As the Corporation seized buses, it rehabilitated lines, irregularly and with a significant reduction in frequencies. The independent bus drivers, for their part, were inactive but firm in their position. Finally, on February 5, 1943, the "ownership" agreement was signed between the corporation and the owners of 13 routes that had not been rehabilitated, including route 39. Through this agreement, the original owners ceded their exploitation rights and ownership of the vehicles to the corporation, in exchange for precarious ownership, for no less than 90 days, a period in which they could operate the service at their own risk.

This desperate decision was an emergency exit for the bus drivers, pressed by the lack of income after a three-and-a-half-month strike. On February 14, the 13 routes returned to the streets, hoping for a miracle that would save them after the 90 days established by the agreement. And, believe it or not, the miracle happened, although only for some.

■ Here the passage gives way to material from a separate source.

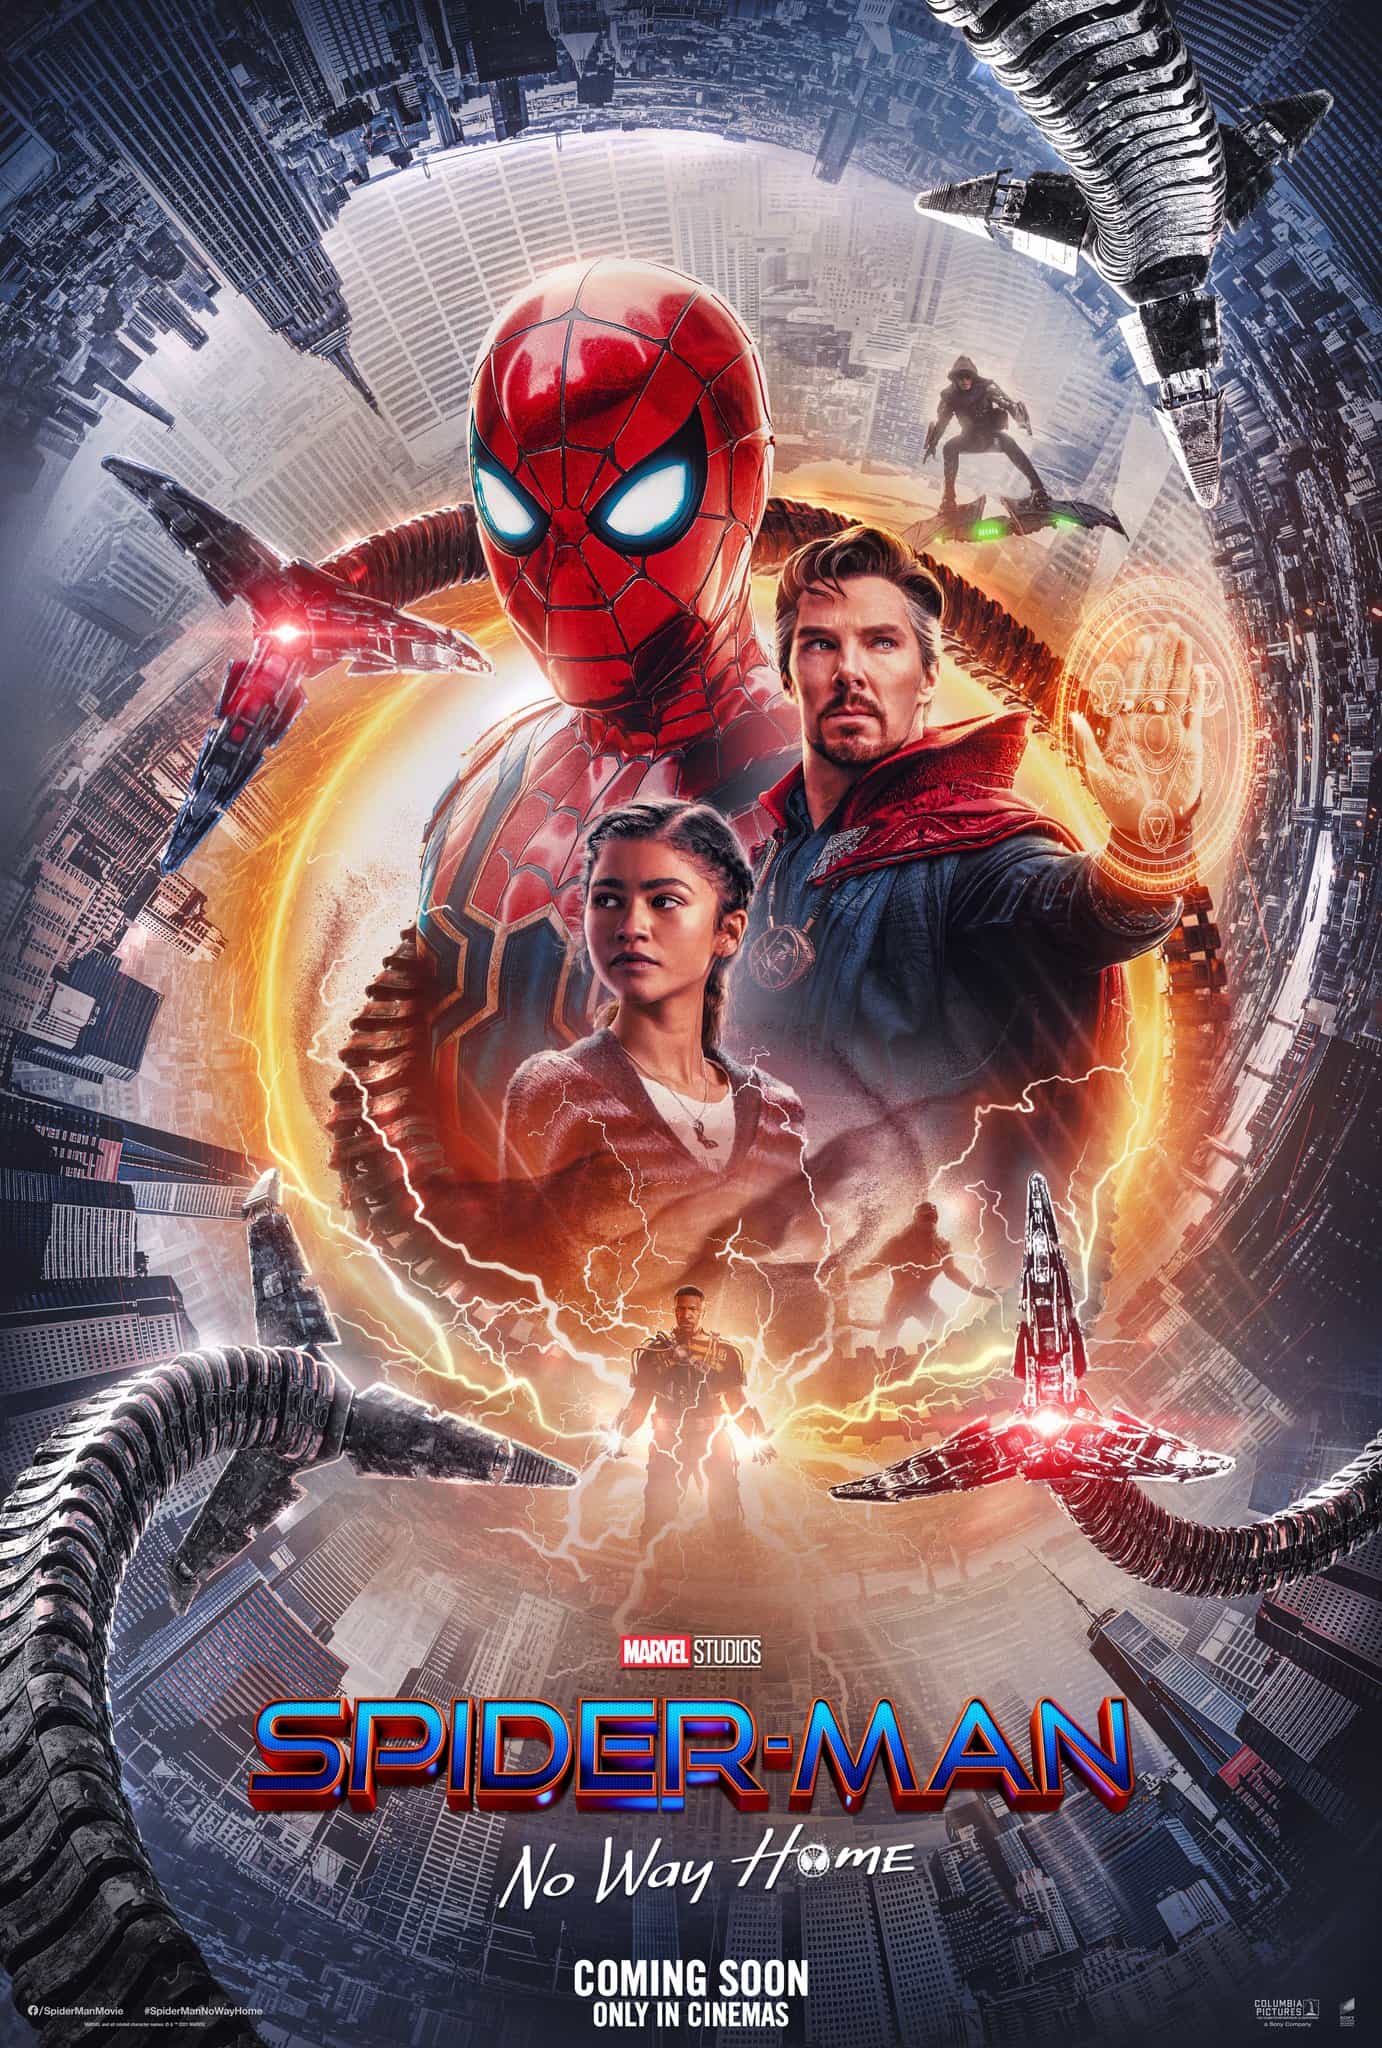 Top US Box Office Movies of 2021:  Spider-Man: No Way Home is the top movie of 2021 in North America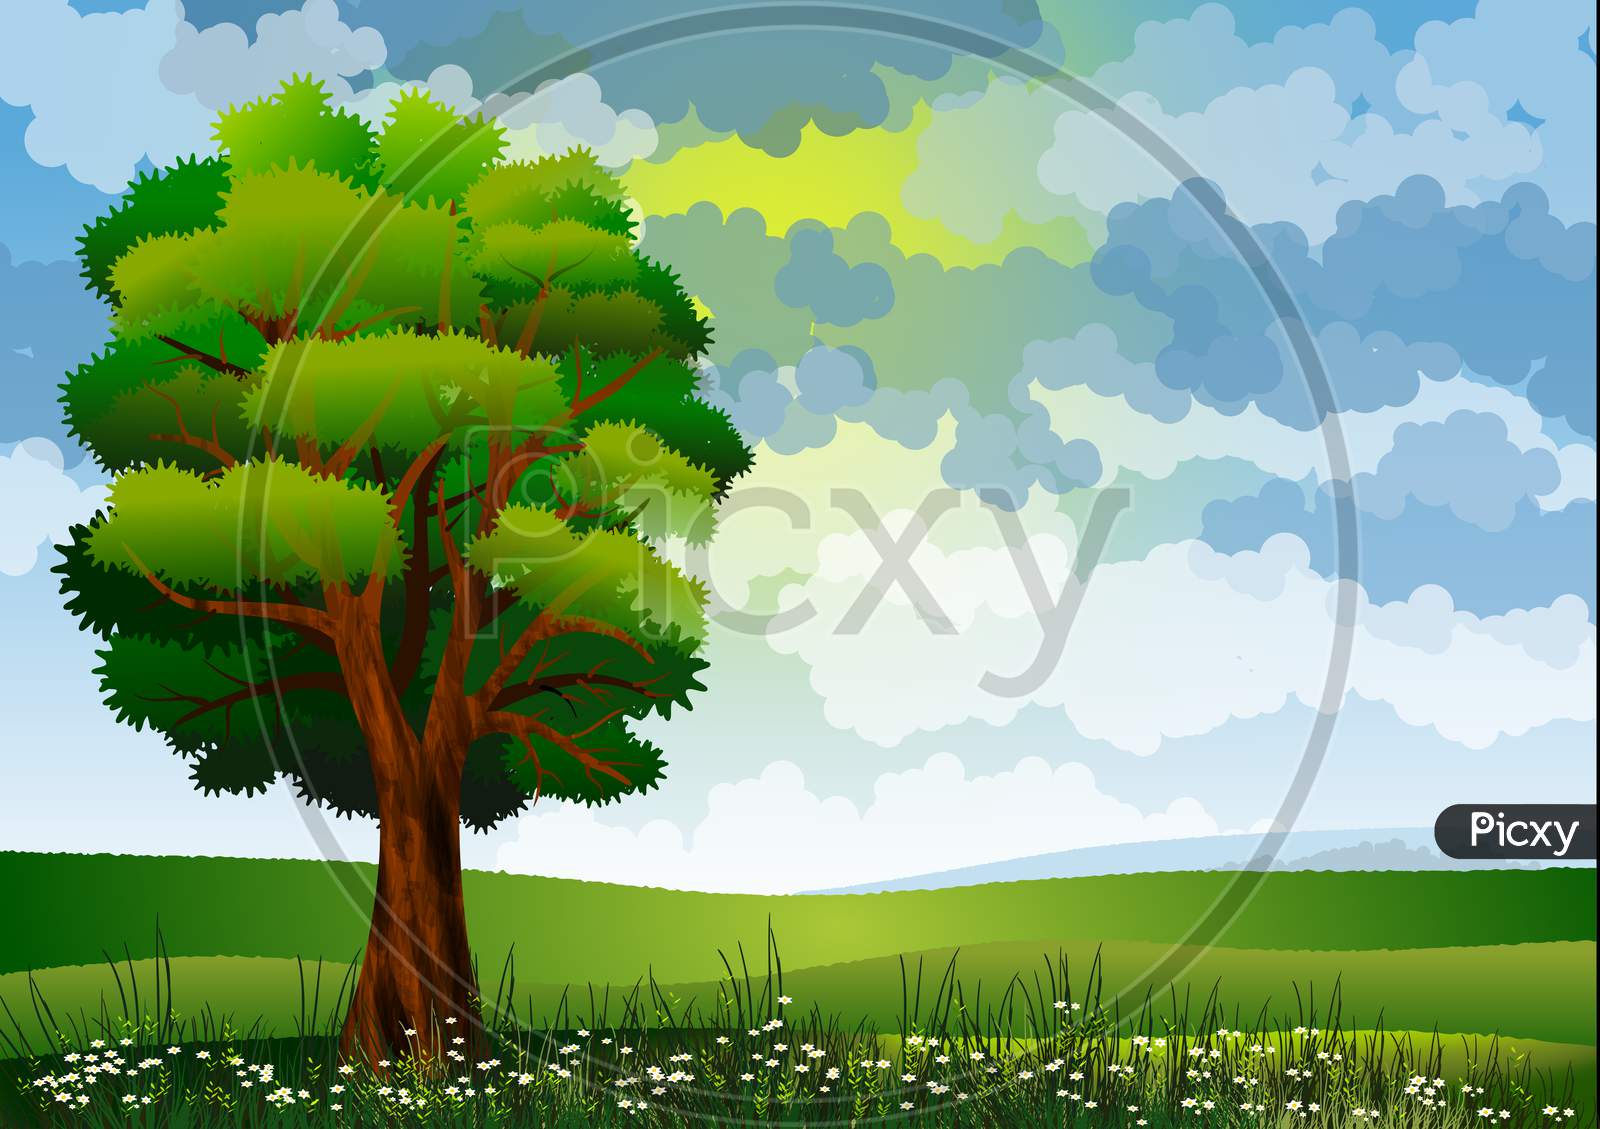 Beautiful illustrated background on trees and mount in the nature

The new government that emerged on June 4, 1943, halted the expropriations and 6 of the 13 lines were able to continue as private lines. However, for many years they continued to be called "ownership lines," among them being route 39.

The Corporation seized 9 buses from the line, internal numbers 10, 12, 19, 28, 29, 33, 38, 39 and 49, whose numbers, as a sign of protest, were never replaced. Safe, the service grew slowly but steadily. In 1948, the famous Chevrolet "toad" cars arrived, a nickname well earned due to the shape of their nose, which marked an era on the route 39.

In April 1961, the change of route 39's terminus to Lacroze and Fraga was authorised, and shortly after to Maure and Forest, taking effect on September 21. Almost a year later, on September 20, 1962, Transportes Santa Fe S.A. was established. During those years, the arrival of the Bedfords manufactured in the country by General Motors marked a new milestone in the company's fleet. Three lots were acquired with frontage on 3943 Jorge Newbery street, where the current terminal was built.

The redevelopment of the area between the Mitre Railway tracks and Dorrego Market, in Colegiales, generated a new demand for transportation. On March 1, 1992, the 39 was split, with the trunk line identified as branch 1 and the new route, along Crámer and Costa Rica streets, as branch 2.

Semi-fast services also began to run in May 1993. This new modality promised to speed up the line's traffic during peak hours, but it did not perform as expected and was soon replaced by a split line in Constitución. In 1995, a new semi-fast service and differential service were authorized, which were never provided. At the end of the year, after a survey carried out among almost 10,000 users, the National Commission of Automotive Transport (CONTA) distinguished the line for its services.

== Service ==
The service operates 24 hours a day, 365 days a year. Its frequencies range from 7/15/20 minutes per branch, depending on the day and time, and at the same time during peak demand times (working days between 6 a.m. and 6 p.m.) it is reinforced with a split service to Plaza Constitución with a frequency of 10 minutes or from Av. Santa Fe and Pueyrredón streets to Barracas.